REQUIREMENT: Retype the data that follows line by line, exactly, and leave its pictures out.

INFORMATION SHOWN:
——————

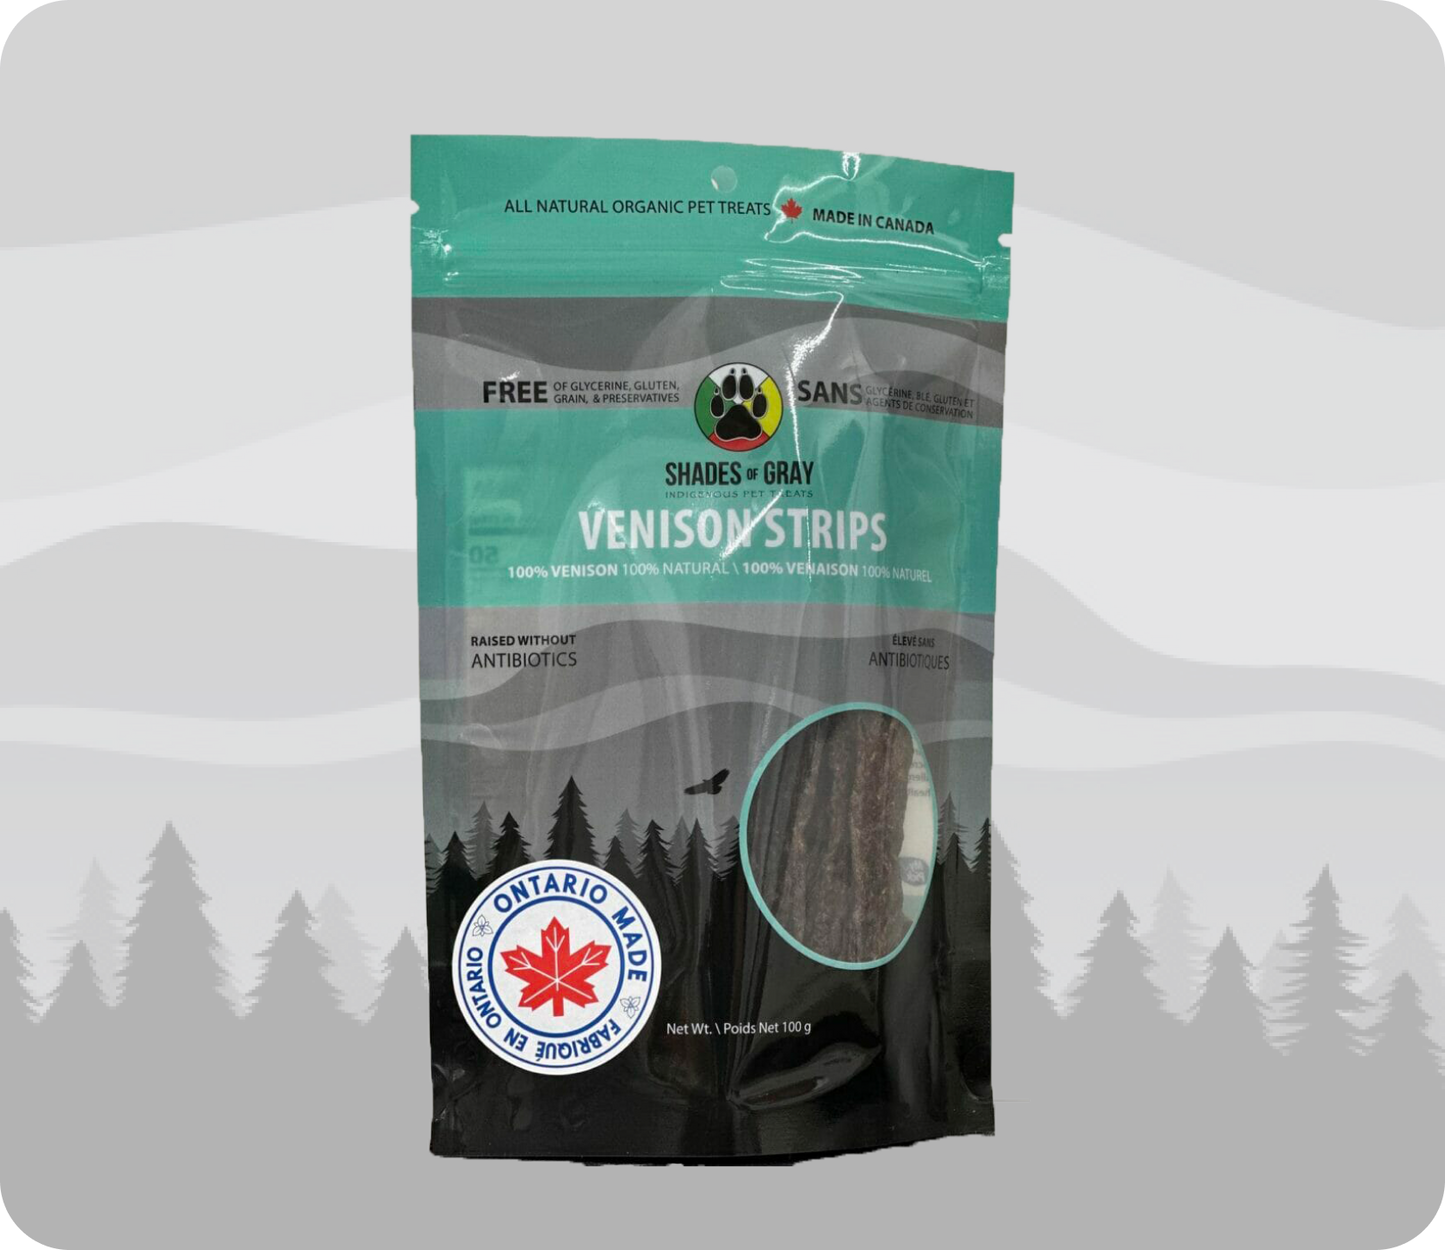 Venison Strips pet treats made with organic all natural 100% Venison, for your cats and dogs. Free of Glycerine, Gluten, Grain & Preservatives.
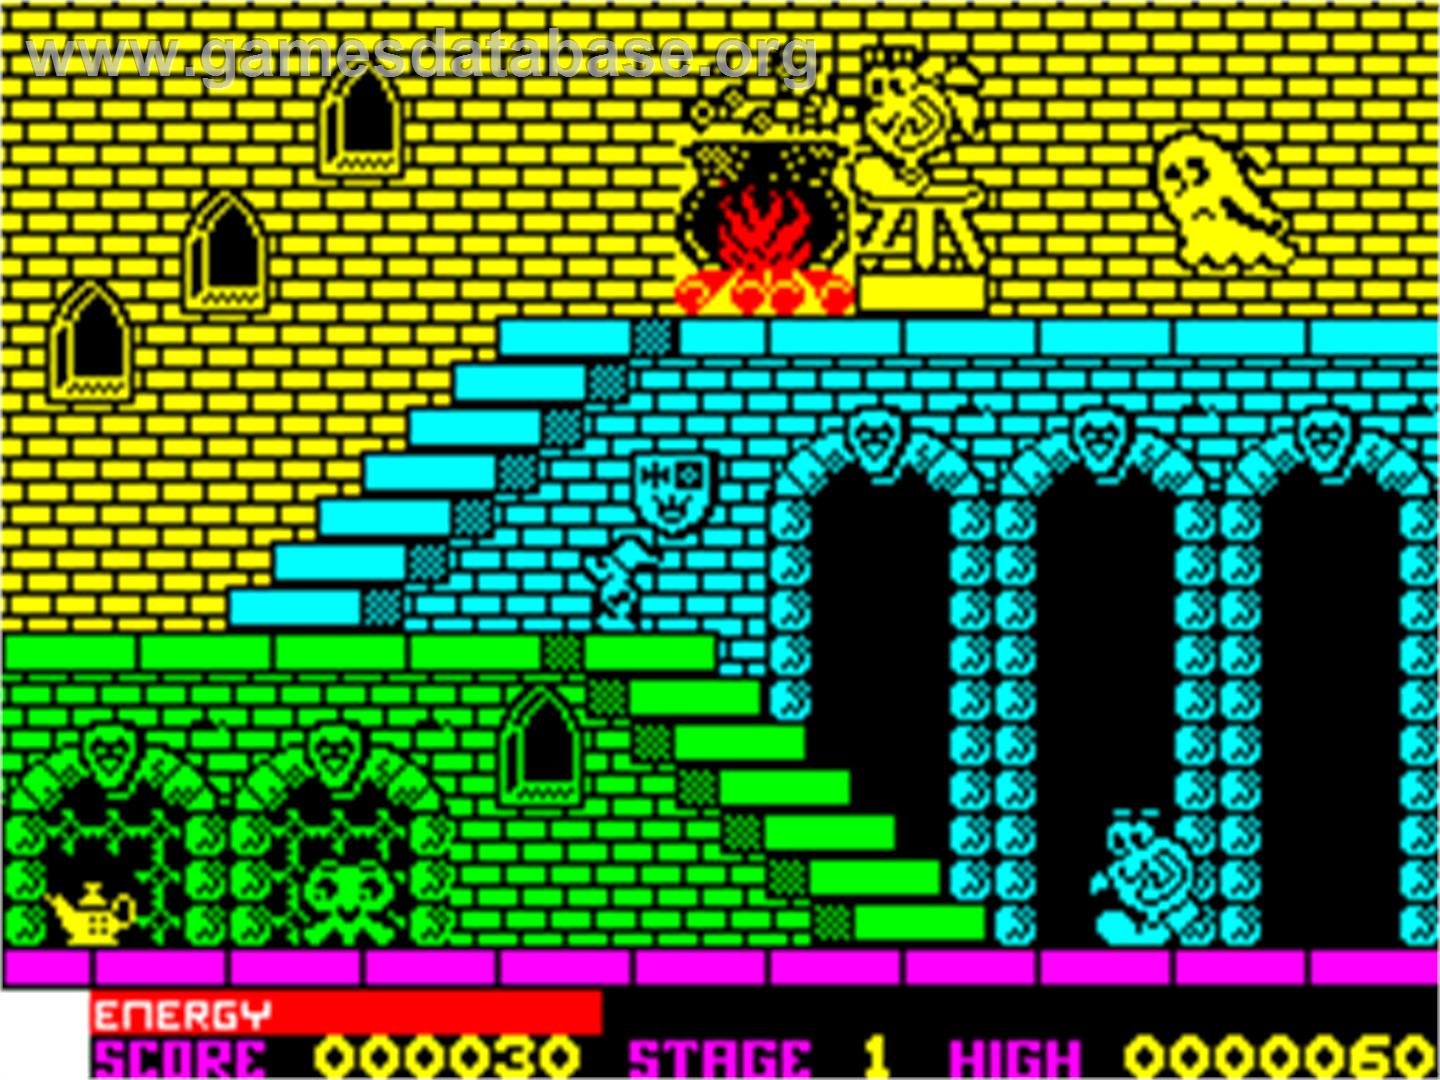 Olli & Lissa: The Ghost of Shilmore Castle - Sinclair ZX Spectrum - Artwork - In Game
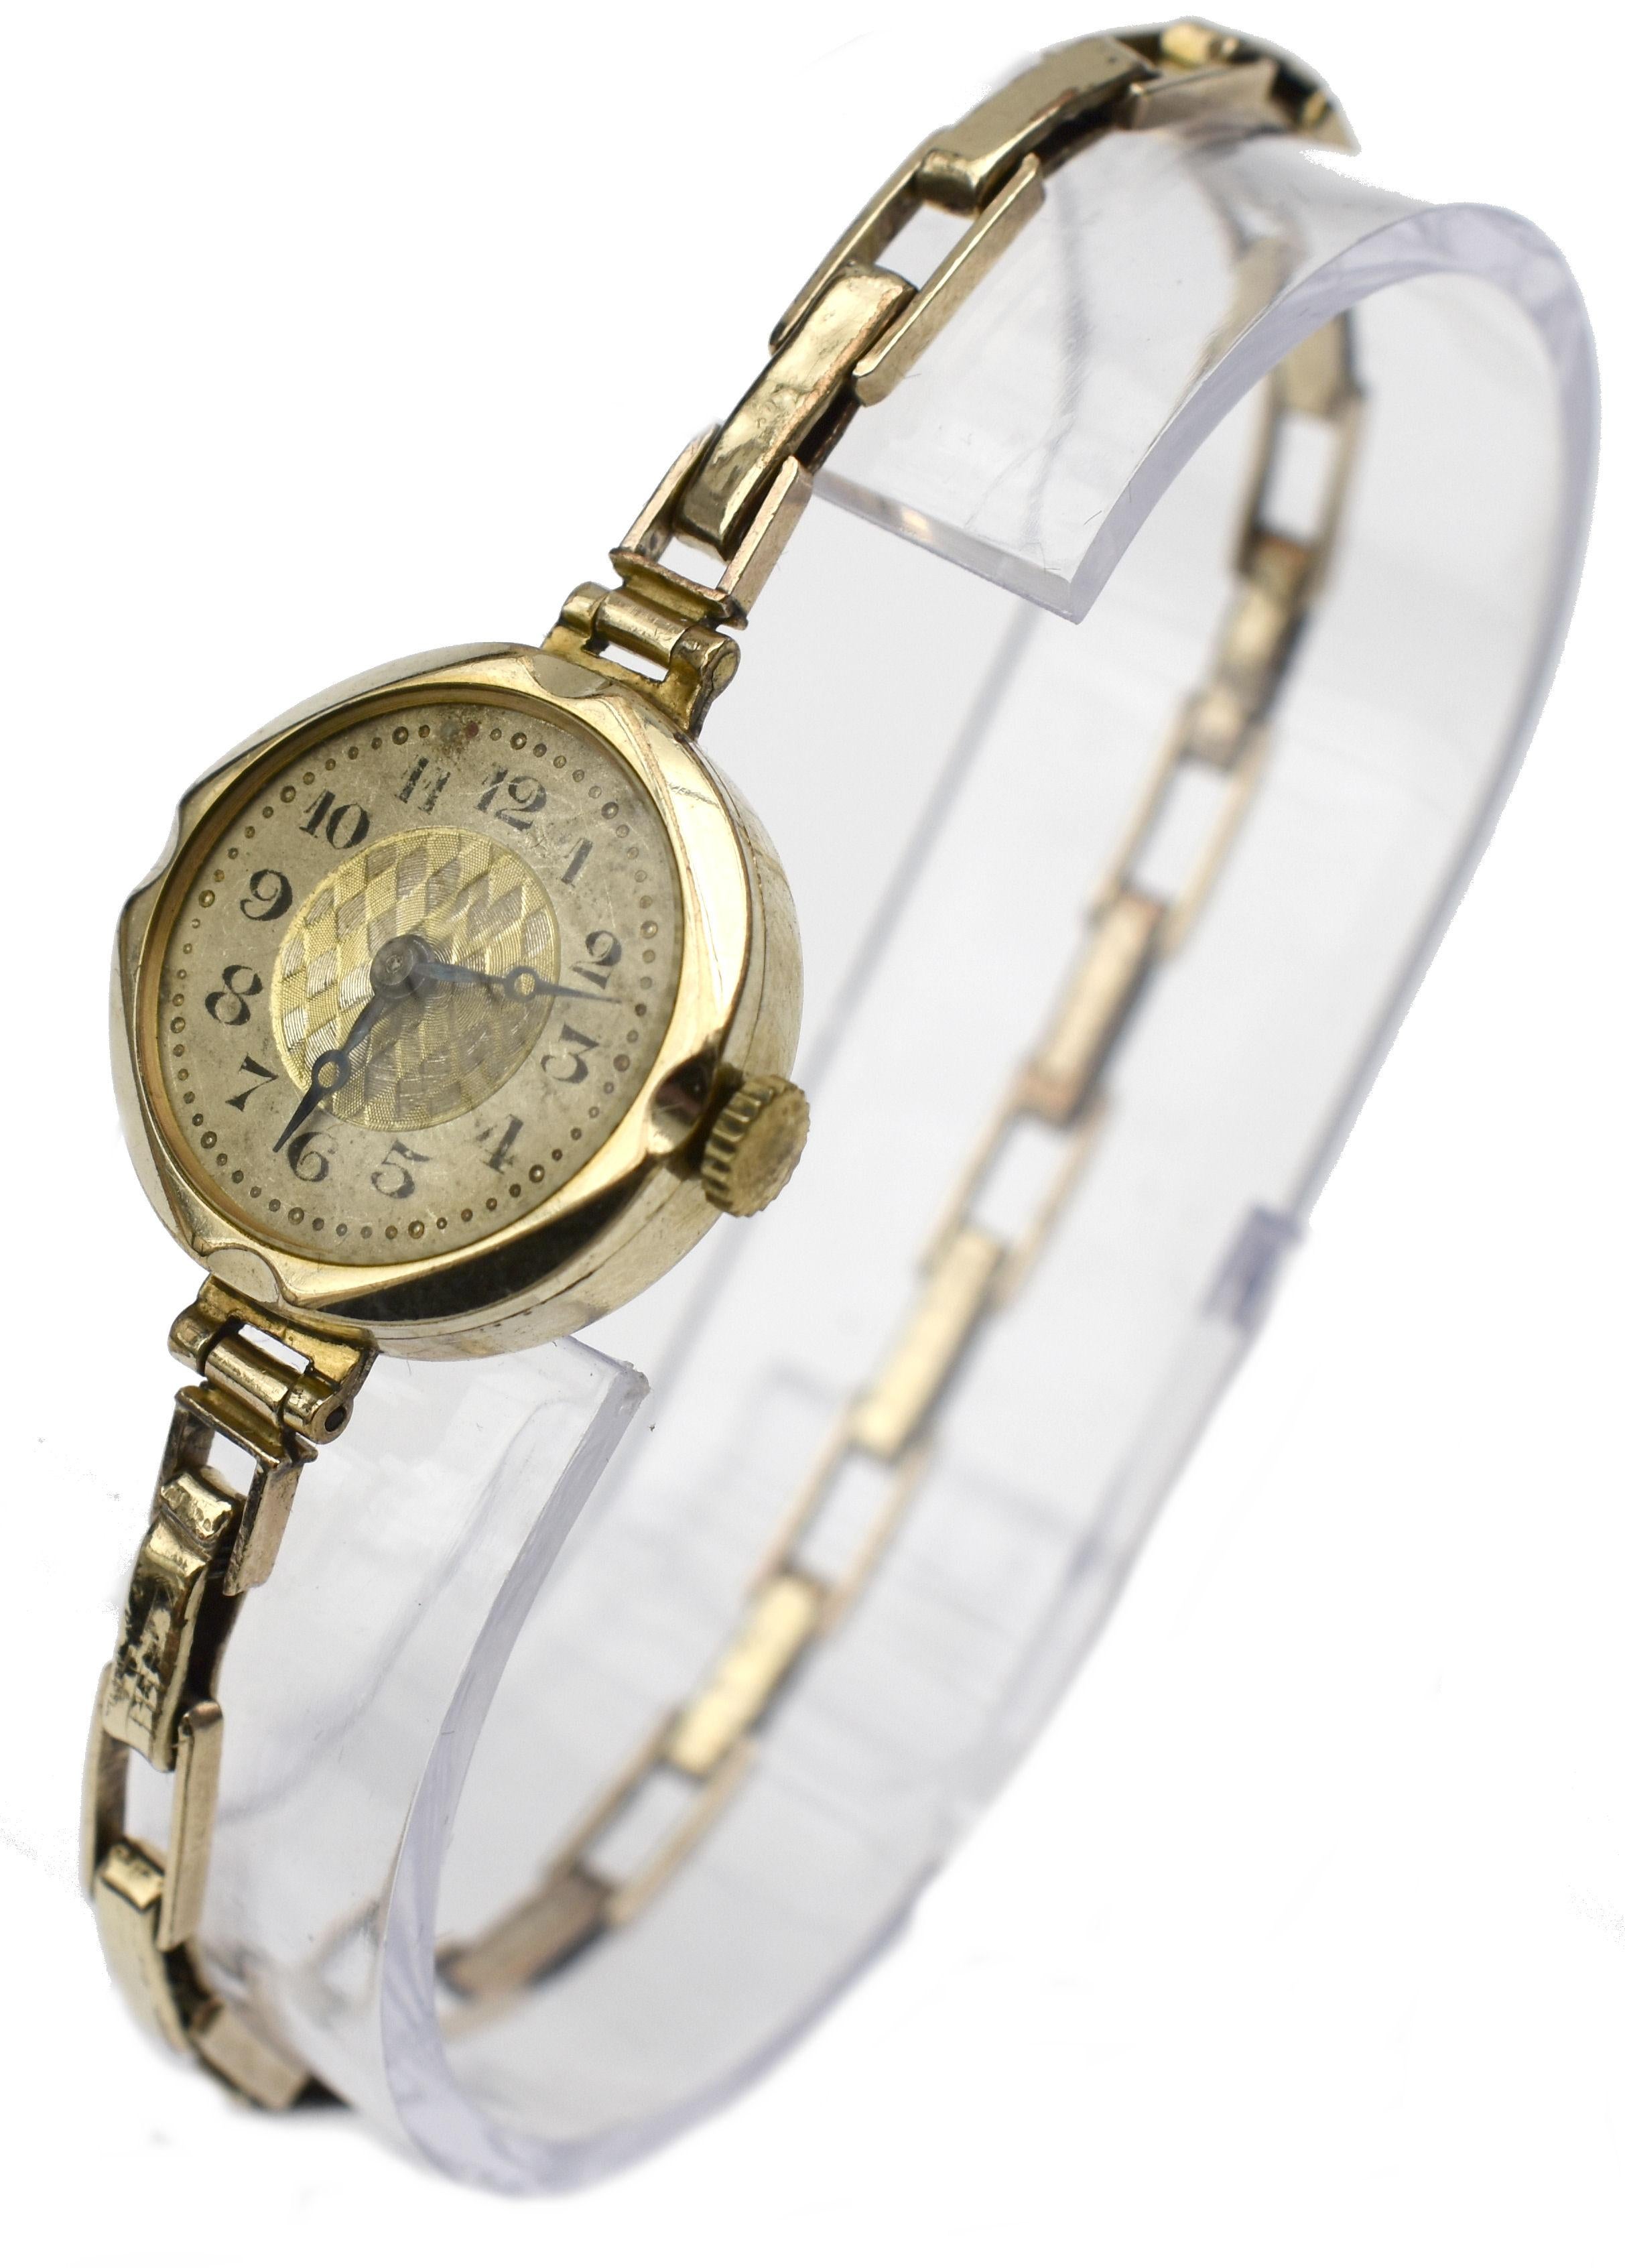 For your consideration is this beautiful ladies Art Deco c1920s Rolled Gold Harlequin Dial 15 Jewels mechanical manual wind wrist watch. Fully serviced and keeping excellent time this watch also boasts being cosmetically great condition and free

——————

RESPONSE TO THIS TASK:
 Venison Strips pet treats made with organic all natural 100% Venison, for your cats and dogs. Free of Glycerine, Gluten, Grain & Preservatives.
 Olli & Lissa: The Ghost of Shilmore Castle - Sinclair ZX Spectrum - Artwork - In Game
 For your consideration is this beautiful ladies Art Deco c1920s Rolled Gold Harlequin Dial 15 Jewels mechanical manual wind wrist watch. Fully serviced and keeping excellent time this watch also boasts being cosmetically great condition and free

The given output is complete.